I rarely have any energy, and just applying for the jobs they had us apply for (placement was only temporary unless they really liked us and I never made a sale) was draining. I hated it. I'd stopped applying on my own a few years back, once I started reviewing and feeling like garbage.
Now this:
I received a very unexpected letter today, from an automotive company I used to work for during college. That was years ago, when I did two nights of midnights per week on their assembly line and hated it. The money was great, but I only got work half the time, because I was just a fill in for people who wanted to go home or stayed home, and I was the lowest support worker on the totem pole.
I'm a slow person, and always have been. I put a lot of effort into the job and didn't slack, but I couldn't keep up with their 30 second time limits on most jobs. I got in shit a lot for being slow, but couldn't help it. If I ran to the parts, they'd yell at me too.

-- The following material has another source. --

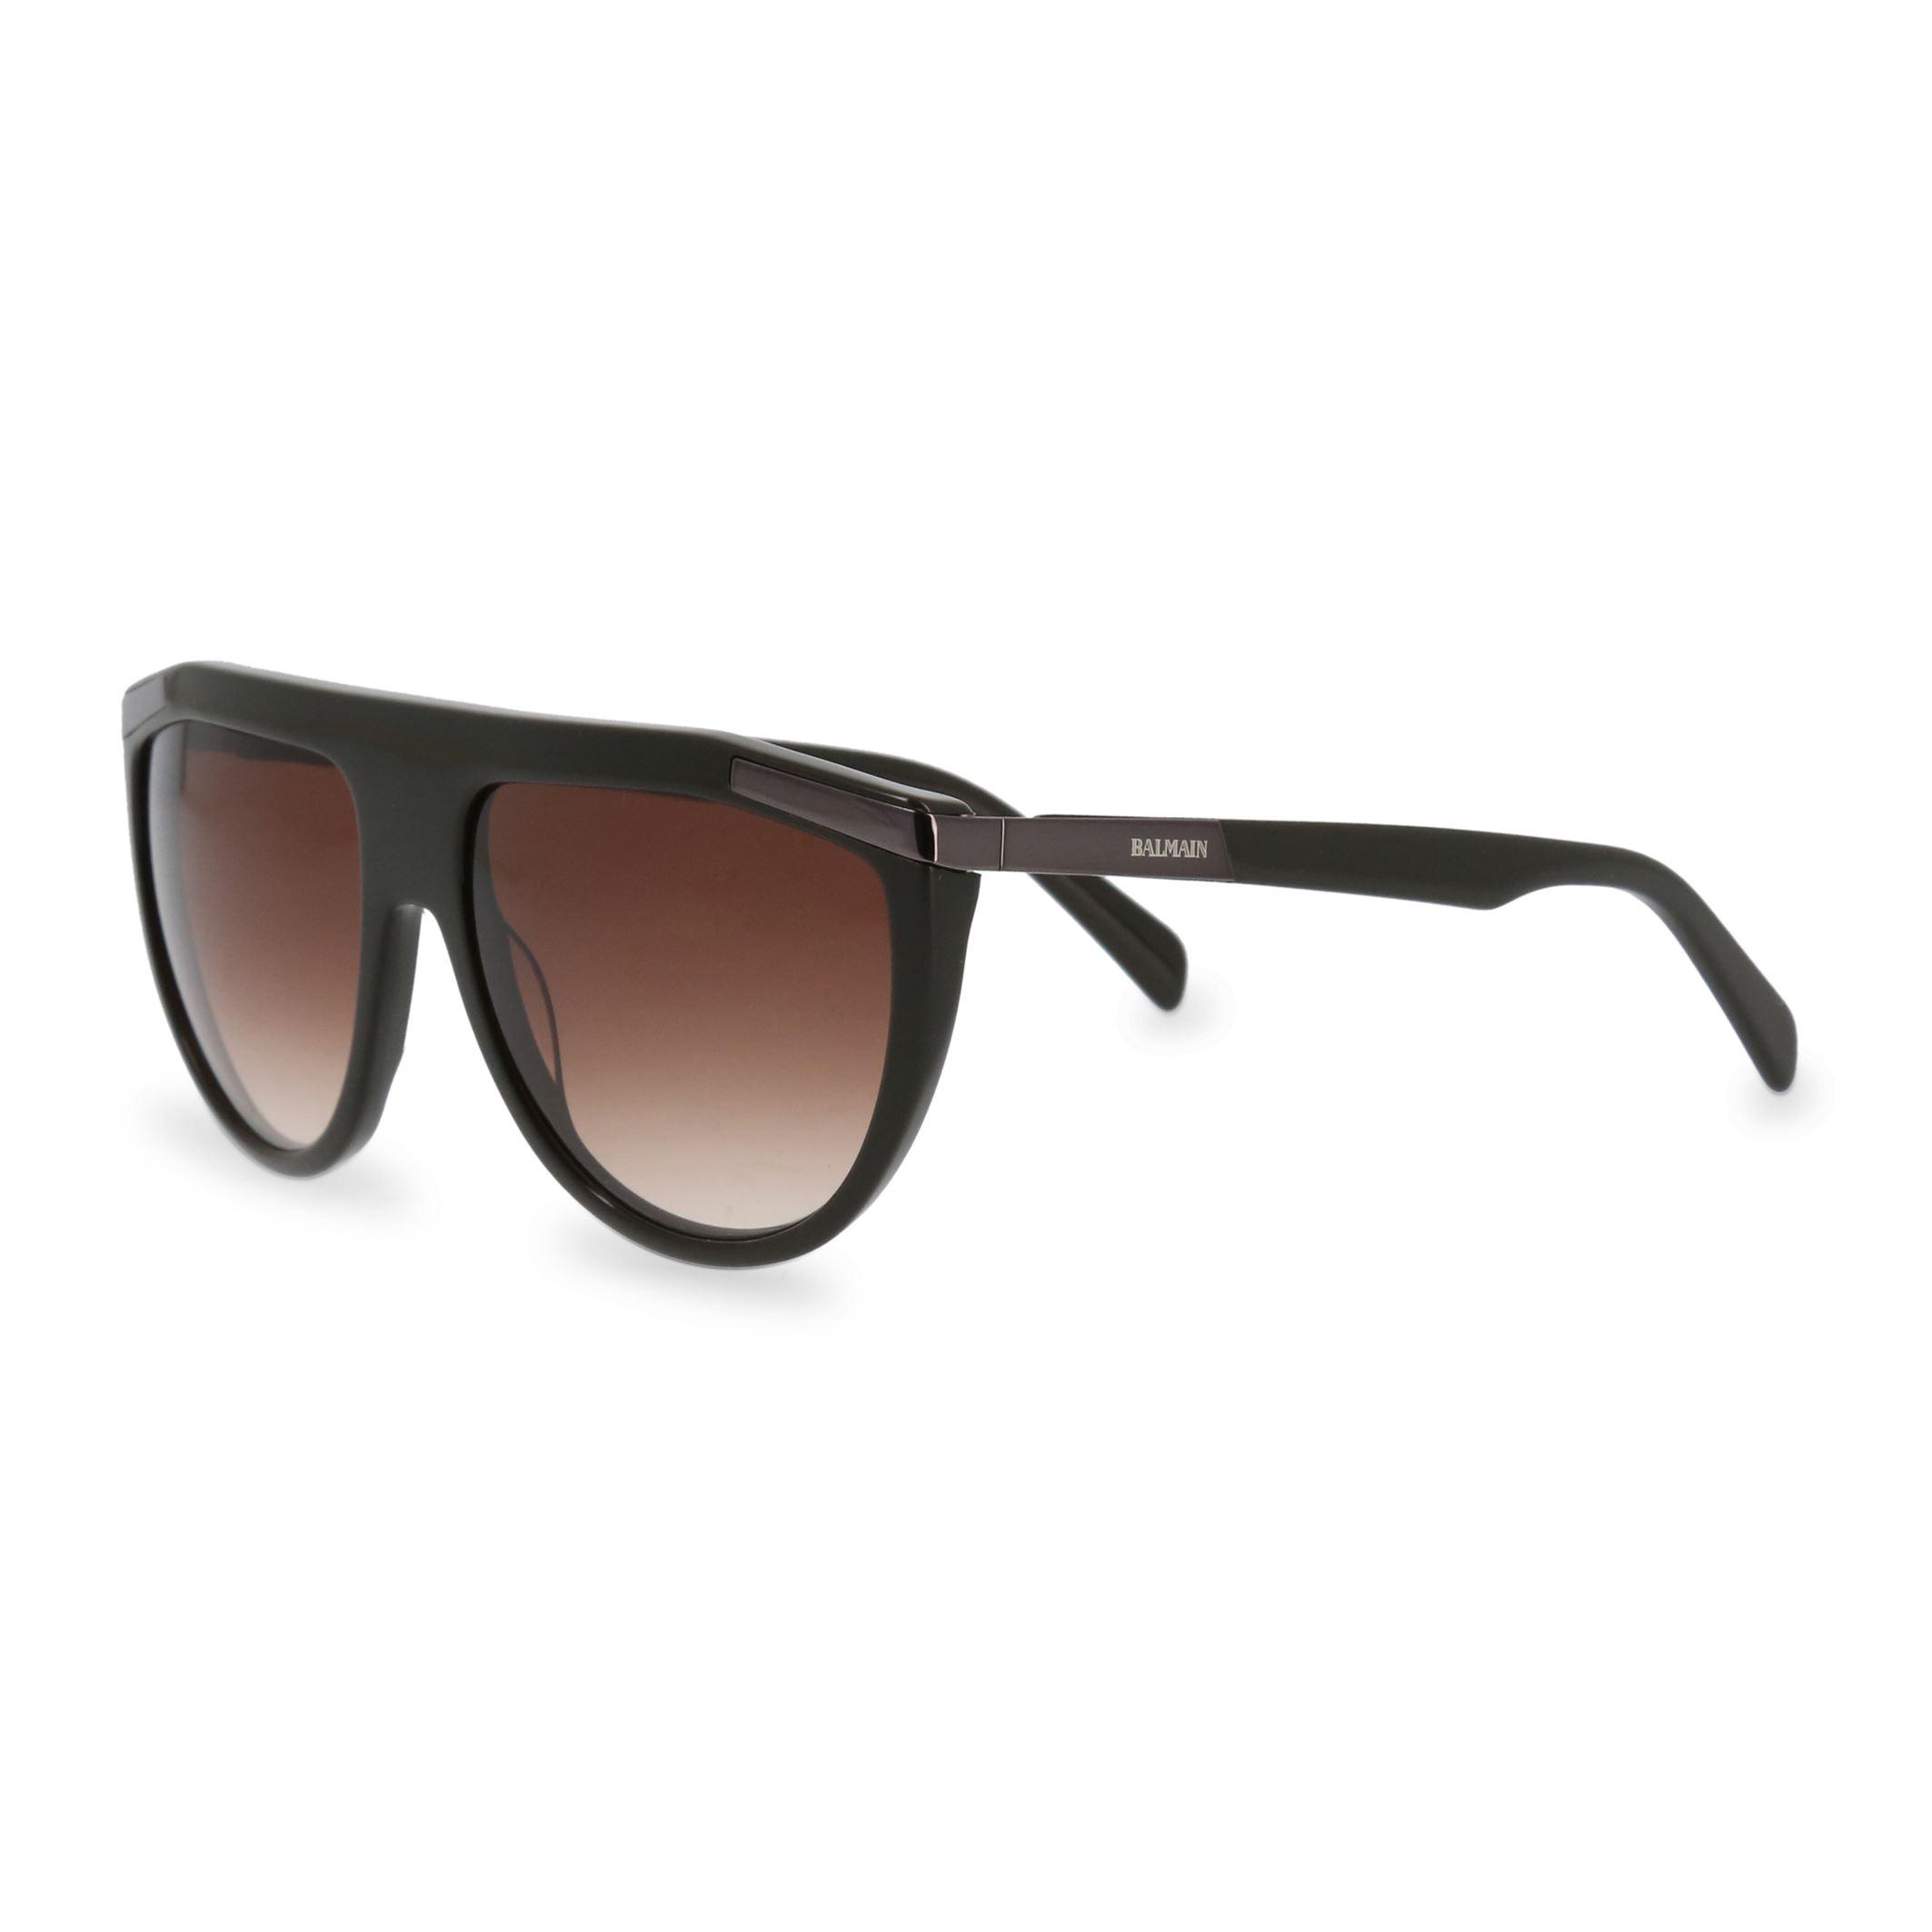 180aca52b Details about Balmain Unisex Sunglasses Brown Acetate Frame Gradient Lenses  UV2

There were two easy jobs I got really good at and could finish in about 10 seconds, but only those two. The others were too convoluted for a klutz like me.
This was back when I felt better, but I hated how mind-numbing it was.
They laid me off after less than a year, and said I just wasn't working out. Then, two years later, they were hiring f/t and my Dad forced me to try again. They didn't hire me, though, as I failed the practice session in the interview, where I had to do a test job. I was too slow (most people did much more than me) and got in trouble for trying to speed up by putting two parts (nut and bolt or washer) on together.
Now, I got a letter saying that since I was in the student program, they want to know if I would like to join a supplemental full-time workforce at $20/hr with minimal benefits. I really don't want to work there again, and don't think I could work full-time like I am, but I feel like I shouldn't pass it up and my Dad will kill me if I do.
However, it just says to write my name/cellphone number and home number there, then mail it in. So, there'll be another interview that I'll likely fail. Likely just a waste of time.